I am using the Accelerate library for distributed training with 10 nodes and 4 GPUS per node. I want both the unet model weights to be trained and the conditional first stage weights to be trained (effectively aligning the image embeddings with an unconventional data input type to the model)

Happy to share more of the code (i.e. the training script) to provide a better understanding of the workflow.

Thanks in advance!!!

Below is code:

import torch
from torch import nn as nn
from transformers import CLIPVisionModelWithProjection
import torch.nn.functional as F

class WrapperModel(nn.Module):
    def __init__(self, unet, vae, noise_scheduler, encoder, config, frozen_image_embedder,accelerator):
        super(WrapperModel, self).__init__()
        self.unet = unet
        self.vae = vae
        self.noise_scheduler = noise_scheduler
        self.encoder = encoder
        self.config = config
        self.frozen_image_embedder = frozen_image_embedder
        self.accelerator = accelerator
        self.weight_dtype = torch.float32
        # Initialize the conditional first stage within the UNet
        self.unet.cond_first_stage = First_Stage(encoder=self.encoder)

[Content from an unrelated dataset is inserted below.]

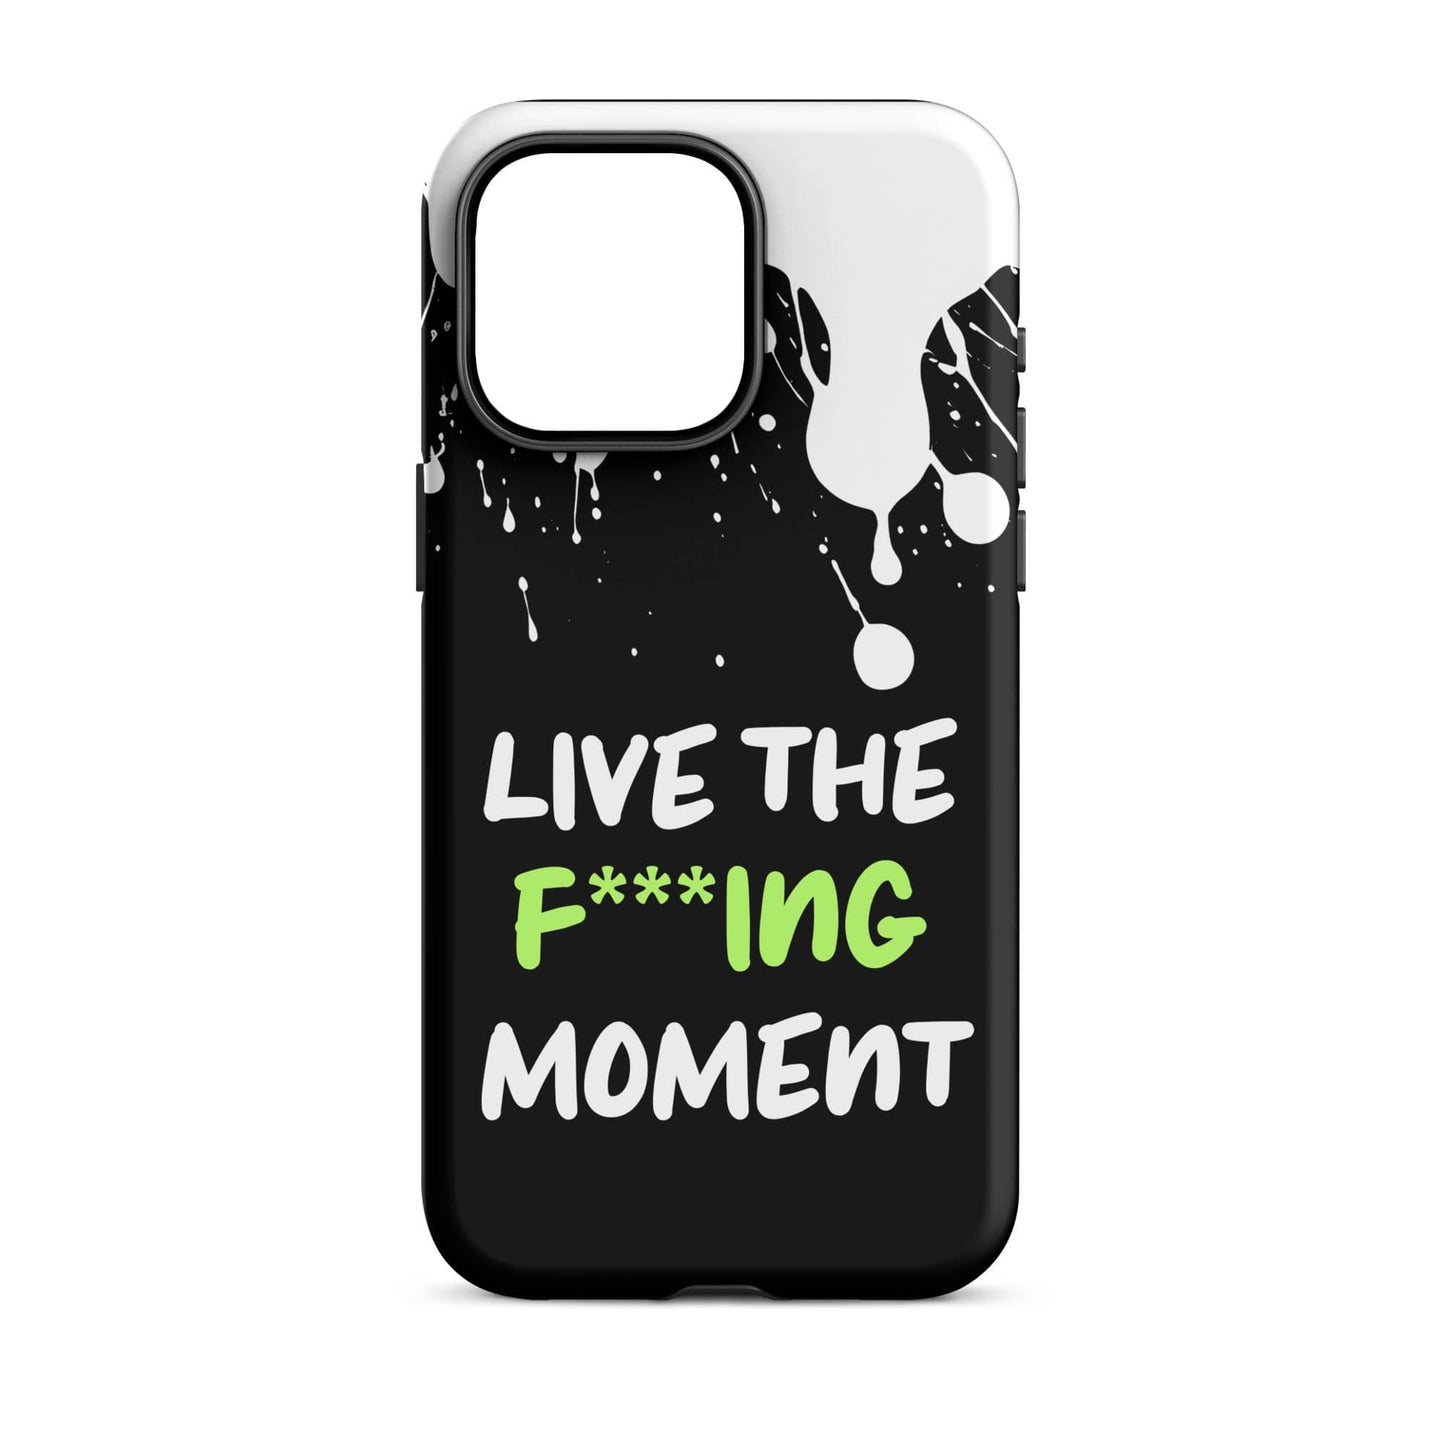 Live The F***ing Moment - (Black) Quoted iPhone Case

        # Ensure the VAE and encoder are not updated during training

        # Move each model to the appropriate device
        self.vae.to(self.accelerator.device, dtype=self.weight_dtype)

    def forward(self, batch,accelerator):
        image_embedding = self.vae.encode(batch['pixel_values'].to(self.weight_dtype)).latent_dist.sample()
        image_embedding = image_embedding * self.vae.config.scaling_factor
        # Generate initial noise matching the dimensions of the image embeddings
        noise = torch.randn_like(image_embedding)
        # Add a noise offset to introduce variability
        noise += self.config.noise_offset * torch.randn((image_embedding.shape[0], image_embedding.shape[1], 1, 1), device=image_embedding.device)
        # Introduce additional perturbation to the noise for robustness
        new_noise = noise + self.config.input_perturbation * torch.randn_like(noise)
        # Determine batch size for processing
        bsz = image_embedding.shape[0]
        # Randomly sample timesteps for each image in the batch for the diffusion process
        timesteps = torch.randint(0, self.noise_scheduler.config.num_train_timesteps, (bsz,), device=image_embedding.device).long()
        # Add noise to the image embeddings at the sampled timesteps, simulating the forward diffusion process
        noisy_latents = self.noise_scheduler.add_noise(image_embedding, new_noise, timesteps)
        # Obtain EEG embeddings by processing EEG data through the conditional first stage of the UNet
        encoder_hidden_states, ___ = self.unet.cond_first_stage(batch['eeg'].to(accelerator.device))
        # Define the target for the training as the original noise
        target = noise
        # Get the model's prediction for the noisy latents and EEG embeddings
        model_pred = self.unet(noisy_latents, timesteps, encoder_hidden_states, return_dict=False)[0]
        # Compute CLIP loss (assumes a method get_clip_loss exists within First_Stage)
        img_embd = self.frozen_image_embedder(batch['pixel_values'].to(accelerator.device))
        clip_loss = self.unet.cond_first_stage.get_clip(batch['eeg'], img_embd)
        return model_pred, clip_loss, timesteps,target


class Dim_Mapper(nn.Module):
    def __init__(self):
        self.conv1 = nn.Conv1d(128, 1, 1, stride=1)  
        # Fully connected layer to transform the feature vector
        self.fc1 = nn.Linear(1024, 768)  # Note: Change the first dim to the encoder last dim size.

    def forward(self, x):
        # Apply a convolution operation to the input

        x = self.conv1(x)

        # Remove unnecessary dimension after convolution
        x = x.squeeze(1)

        # Apply a linear transformation
        x = self.fc1(x)
        return x
# The point of having a seperate Dim_Mapper class is so that we can swap out using and not using clip alignmnet 
class First_Stage(nn.Module):
    def __init__(self, encoder):
        self.encoder = encoder
        self.encoder.requires_grad_(False)  # Freeze the encoder weights to prevent updates during training
        self.seq_len = encoder.num_patches  # Get the sequence length from the encoder model
        self.input_dim = 1024
        self.output_dim = 768
        # Dimensionality mapper for adjusting feature vector sizes
        self.mapper = Dim_Mapper()

        # Unet expects (batch, sequence_length, feature_dim)
        # Encoder outputs (batch, sequence_length, feature_dim) -> (batch, 128, 1024)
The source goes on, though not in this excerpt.